_TASK INPUT_.
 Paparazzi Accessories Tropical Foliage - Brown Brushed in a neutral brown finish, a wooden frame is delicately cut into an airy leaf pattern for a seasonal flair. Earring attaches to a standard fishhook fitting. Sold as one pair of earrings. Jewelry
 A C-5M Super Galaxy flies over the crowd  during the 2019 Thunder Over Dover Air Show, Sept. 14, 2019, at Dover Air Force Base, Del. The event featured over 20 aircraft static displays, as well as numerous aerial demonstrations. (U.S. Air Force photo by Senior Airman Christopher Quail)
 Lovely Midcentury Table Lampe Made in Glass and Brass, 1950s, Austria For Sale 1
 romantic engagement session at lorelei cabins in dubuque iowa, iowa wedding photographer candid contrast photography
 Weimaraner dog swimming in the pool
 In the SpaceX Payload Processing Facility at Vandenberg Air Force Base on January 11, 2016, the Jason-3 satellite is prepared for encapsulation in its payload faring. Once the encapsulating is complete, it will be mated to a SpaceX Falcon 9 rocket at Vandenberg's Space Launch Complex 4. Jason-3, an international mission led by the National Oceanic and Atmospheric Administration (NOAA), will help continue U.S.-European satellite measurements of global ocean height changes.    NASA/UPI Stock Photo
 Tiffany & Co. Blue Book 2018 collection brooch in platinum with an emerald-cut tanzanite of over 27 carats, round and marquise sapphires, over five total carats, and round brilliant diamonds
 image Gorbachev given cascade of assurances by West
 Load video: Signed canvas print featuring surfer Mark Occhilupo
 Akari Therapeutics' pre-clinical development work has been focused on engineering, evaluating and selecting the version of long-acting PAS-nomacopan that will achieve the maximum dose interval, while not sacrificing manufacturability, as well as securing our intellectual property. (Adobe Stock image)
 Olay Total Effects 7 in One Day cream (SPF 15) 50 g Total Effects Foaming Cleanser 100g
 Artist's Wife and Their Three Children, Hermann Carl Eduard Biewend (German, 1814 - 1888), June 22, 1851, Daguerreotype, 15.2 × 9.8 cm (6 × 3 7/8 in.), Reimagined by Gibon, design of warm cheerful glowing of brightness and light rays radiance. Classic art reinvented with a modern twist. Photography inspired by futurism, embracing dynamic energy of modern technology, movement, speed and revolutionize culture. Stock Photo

_YOUR INSTRUCTIONS_.
Copy out every line of the listing that contains the string "Base".

_RESULT OF THIS EXERCISE_.
 A C-5M Super Galaxy flies over the crowd  during the 2019 Thunder Over Dover Air Show, Sept. 14, 2019, at Dover Air Force Base, Del. The event featured over 20 aircraft static displays, as well as numerous aerial demonstrations. (U.S. Air Force photo by Senior Airman Christopher Quail)
 In the SpaceX Payload Processing Facility at Vandenberg Air Force Base on January 11, 2016, the Jason-3 satellite is prepared for encapsulation in its payload faring. Once the encapsulating is complete, it will be mated to a SpaceX Falcon 9 rocket at Vandenberg's Space Launch Complex 4. Jason-3, an international mission led by the National Oceanic and Atmospheric Administration (NOAA), will help continue U.S.-European satellite measurements of global ocean height changes.    NASA/UPI Stock Photo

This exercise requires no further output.